A recent survey by a big-four accounting firm captures feedback and insights from tax and financial executives at more than 500 global companies on just how difficult tax risk-management can be (Steady Course - Uncharted Waters, Ernst & Young). The key findings of the 2008 global tax-risk survey are summarized below:
The majority of survey respondents said they spend up to 20% of their time on tax-risk issues. More than 90% of the respondents said tax-risk management would be an important area for them over the next two years.
The trend in tax-risk management is to be proactive, and tax executives said they were becoming more efficient and broadening their response to risk. Linking into other parts of the organization, such as internal audit or the company's enterprise risk-management program, is important.

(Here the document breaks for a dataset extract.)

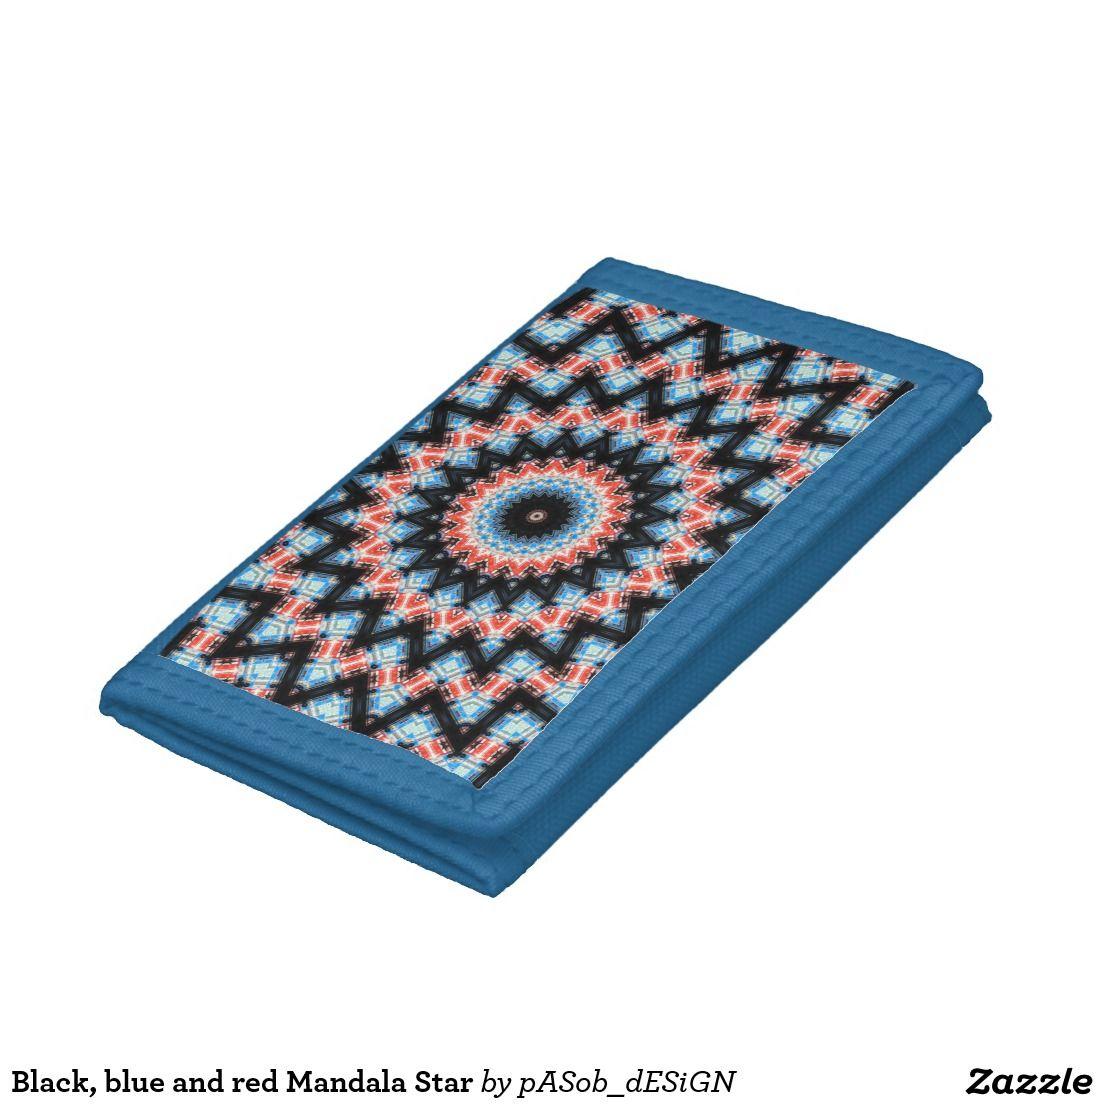 Black, blue and red Mandala Star

Communication is critical. Companies that have regular communication with their boards about tax-risk issues are more likely to have specific measures in place to address those risks. Eighty-seven percent of the respondents said they had well-established communication with senior management.
Companies whose boards hear about tax risk employ data collection and work-flow technology more effectively. Seventy-seven percent of the companies said the absence of skilled resources contributes to tax risk. They also struggle to train the people they have. And as companies increasingly operate on a global basis, managing resources in overseas locations is an issue.
Managing legislative change is a key area of concern for tax executives. Sixty-eight percent of the respondents said new or changing legislation was a major challenge, while 88% reported that "success in dealing with tax authorities" was an important measure.
Companies are struggling to understand the effect of IFRS accounting rules on their global operations or deal with increasingly sophisticated tax audits.
Almost 70% of the respondents said effective tax-rate planning across the group was critically important for them.